§ **What the exercise asks**
Copy the data below exactly, but not the pictures it contains.

§ **Collected data**

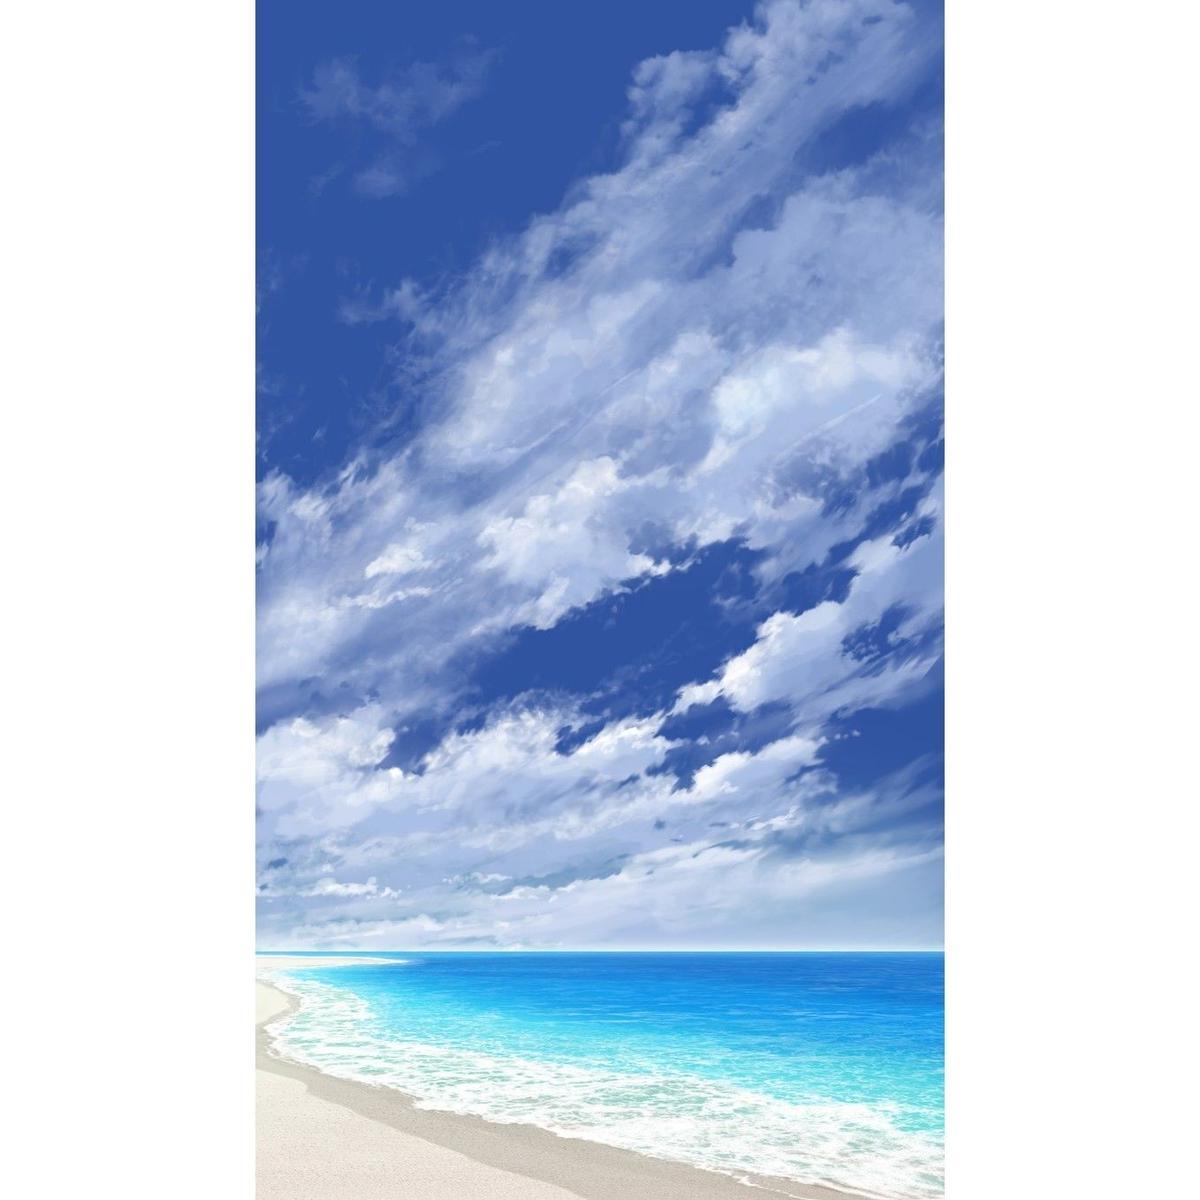 イラスト背景 合作 青空 縦pan用05 海10 彩玉のpsd背景素材shop
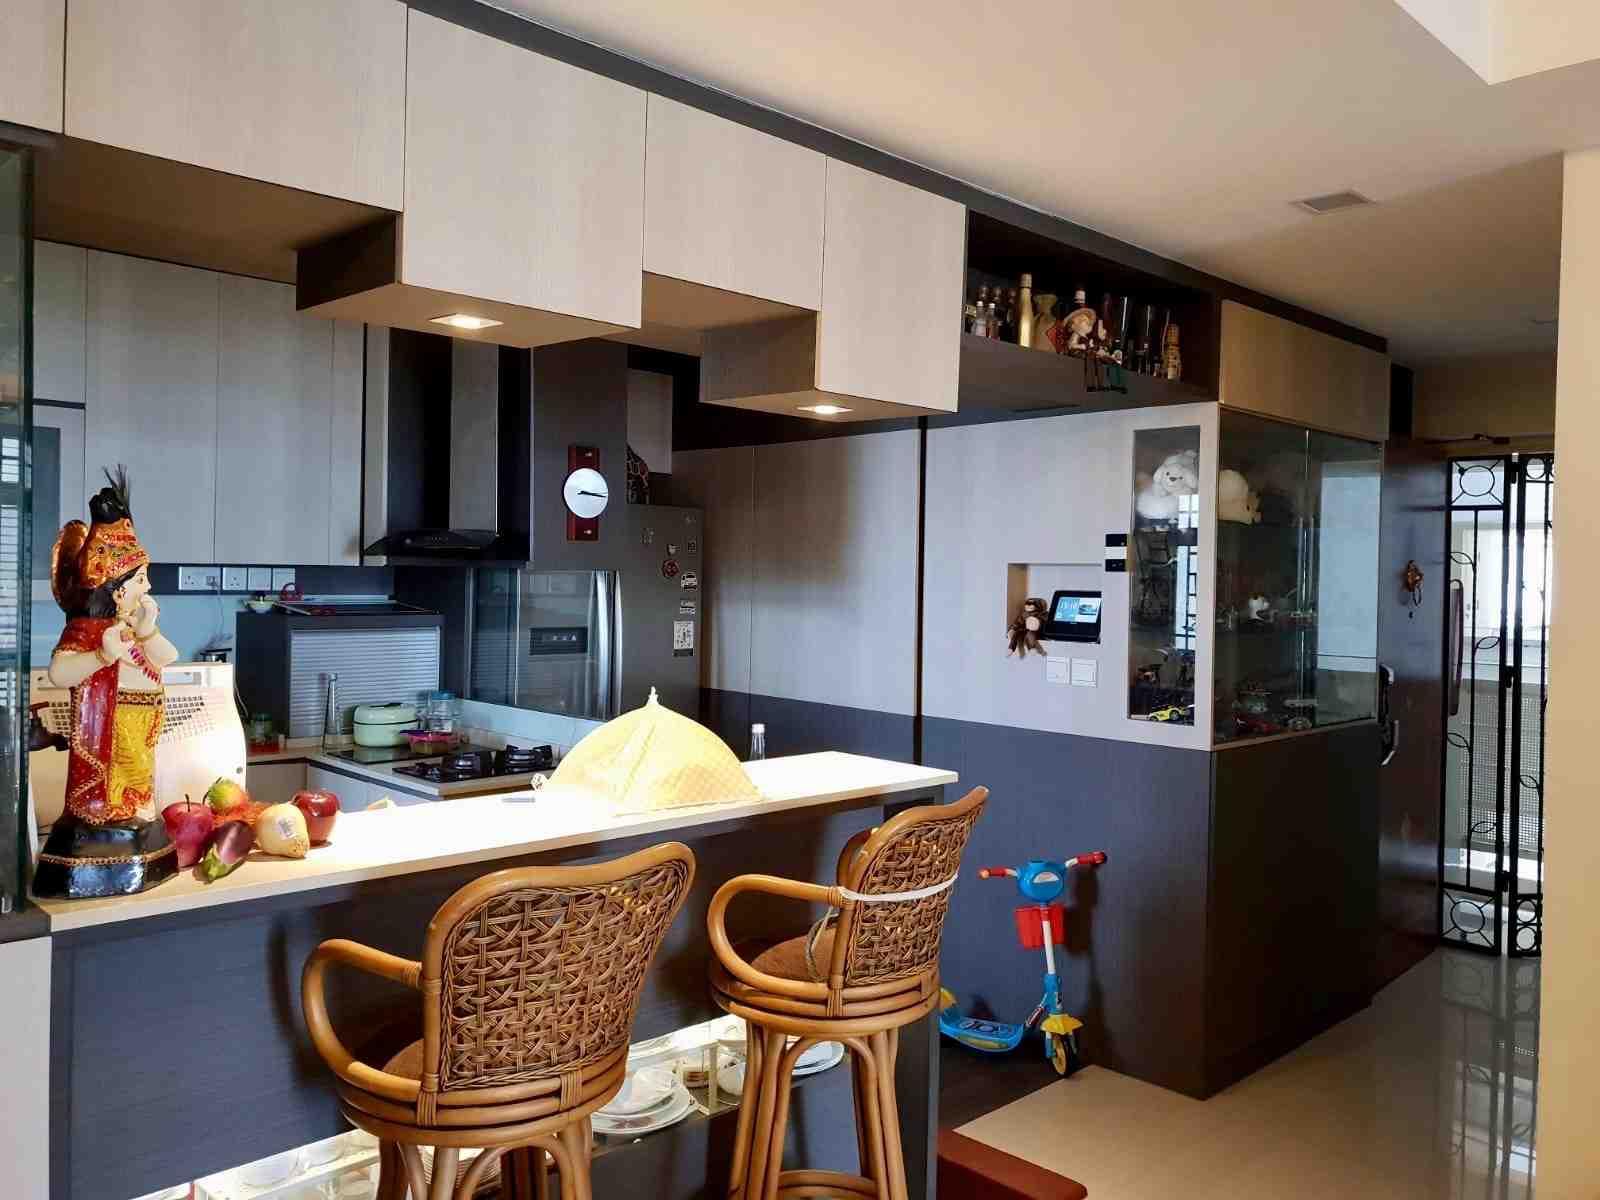 90 tanglin halt kitchen area 3
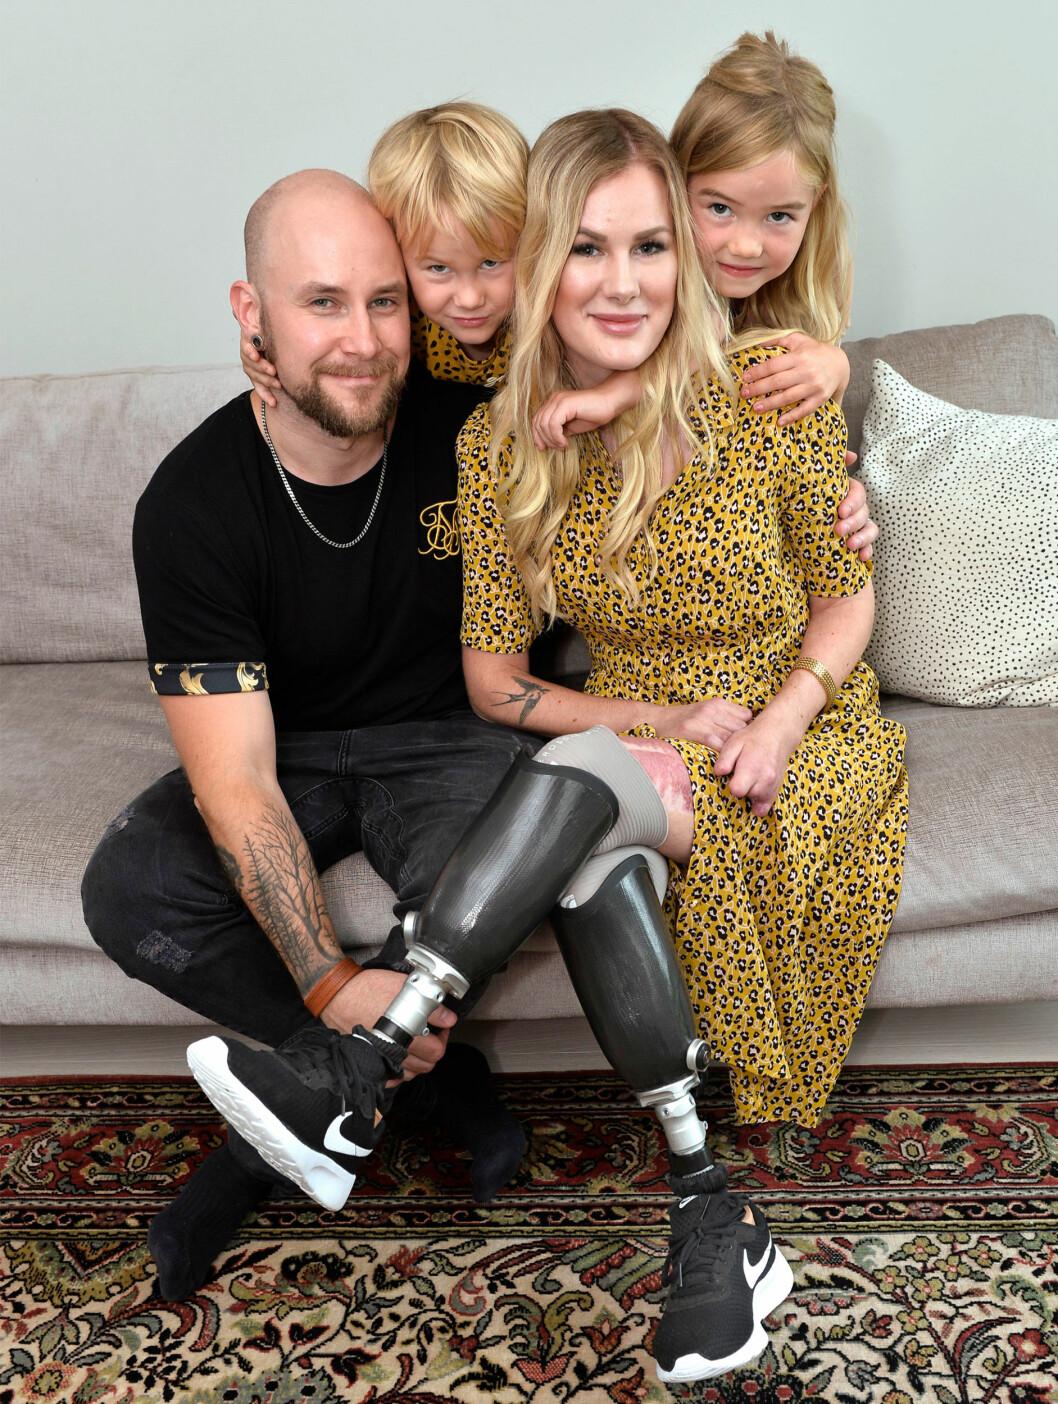 Elin tillsammans med sin man och sina barn sitter nära varandra i en soffa.

§ **Solution to this task**
 イラスト背景 合作 青空 縦pan用05 海10 彩玉のpsd背景素材shop
 90 tanglin halt kitchen area 3
 Elin tillsammans med sin man och sina barn sitter nära varandra i en soffa.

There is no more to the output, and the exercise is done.